Well this was fun...
When I looked more closely at the stack trace for the exception, I noticed that the method JsonSerializerInternalWriter.SerializeConvertable
was in there twice, indeed it was that method one off the top of the stack - invoking JsonSerializerInternalWriter.CheckForCircularReference
- which in turn was throwing the exception. It was also, however, the source of the call to my own converter's Write
method.
So it would seem that the serializer was doing:
- 1) If object has a converter
- 1a) Throw if circular reference
- 1b) Invoke converter's Write method
- 2) Else
- 2a) Use internal serializers
So, in this case, the Json.Net is calling my converter which in turn is calling the Json.Net serializer which then blows up because it sees it's already serializing the object that was passed to it!
Opening ILSpy on the DLL (yes I know it's open source - but I want the 'callers' functionality!) and moving up the call stack from SerializeConvertable
to JsonSerializerInternalWriter.SerializeValue
, the code that detects whether a converter should be used can be found right near the start:
if (((jsonConverter = ((member != null) ? member.Converter : null)) != null
|| (jsonConverter = ((containerProperty != null) ? containerProperty.ItemConverter
: null)) != null
|| (jsonConverter = ((containerContract != null) ? containerContract.ItemConverter
: null)) != null
|| (jsonConverter = valueContract.Converter) != null
|| (jsonConverter =
this.Serializer.GetMatchingConverter(valueContract.UnderlyingType)) != null
|| (jsonConverter = valueContract.InternalConverter) != null)

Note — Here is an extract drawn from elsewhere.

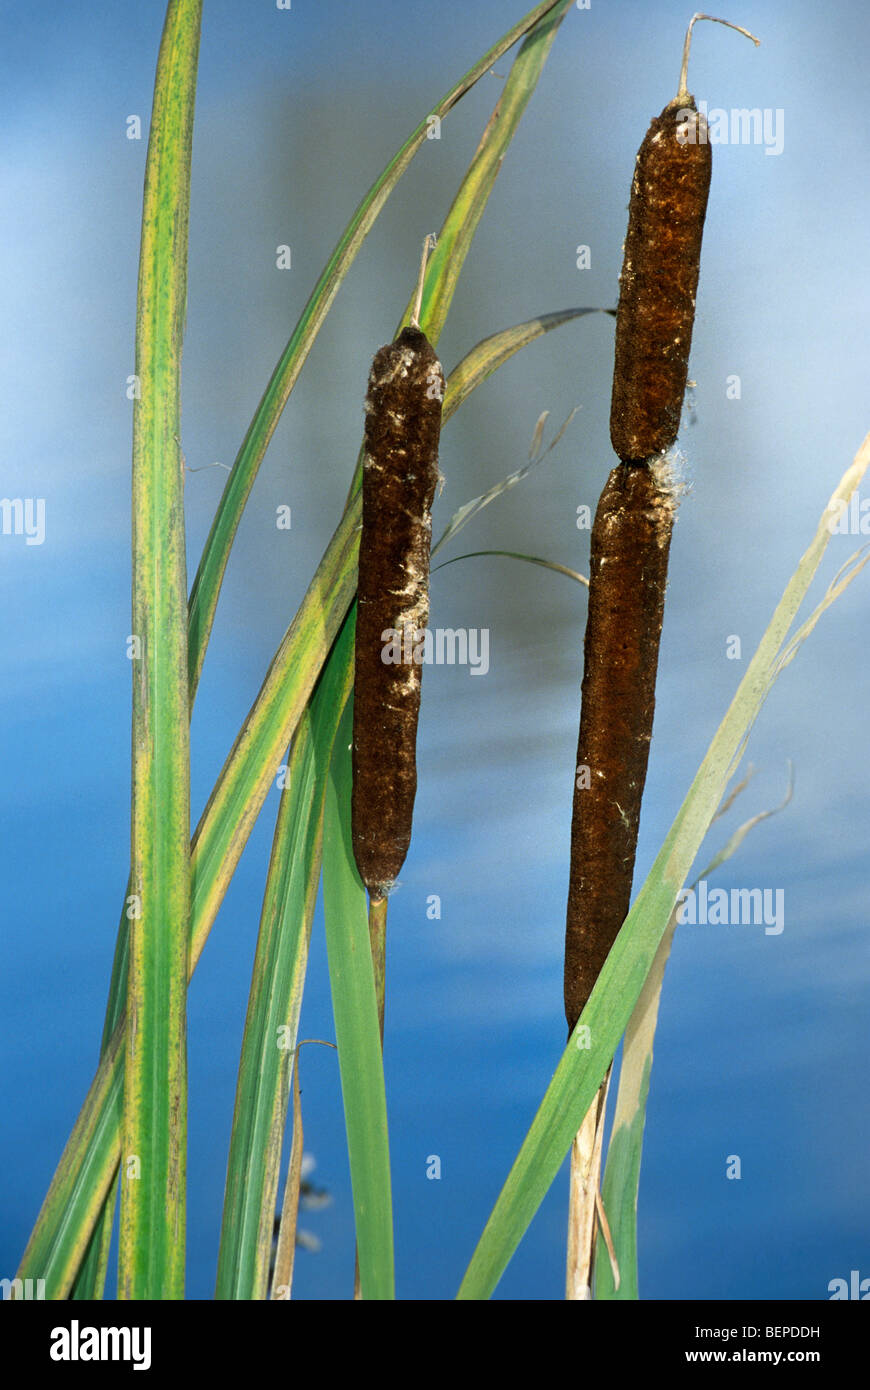 Greater bullrush / Reedmace seedhead / Broadleaf cattail (Typha latifolia) at the edge of lake Stock Photo

&& jsonConverter.CanWrite)
{
this.SerializeConvertable(writer, jsonConverter, value, valueContract,
containerContract, containerProperty);
return;
}
Thankfully that very last condition in the if
statement provides the solution to my issue: all I had to do was to add the following to either the base converter copied from the code in the linked SO in the question, or in the derived one:
public override bool CanWrite
{
get
{
return false;
}
}
And now it all works fine.
The upshot of this, however, is that if you intend to have some custom JSON serialization on an object and you are injecting it with a converter and you intend to fallback to the standard serialization mechanism under some or all situations; then you can't because you will fool the framework into thinking you're trying to store a circular reference.
I did try manipulating the ReferenceLoopHandling
member, but if I told it to Ignore
them then nothing was serialized and if I told it to save them, unsurprisingly, I got a stack overflow.
It's possible that this is a bug in Json.Net - alright it's so much of an edge-case that it's in danger of falling off the edge of the universe - but if you do find yourself in this situation then you're kind of stuck!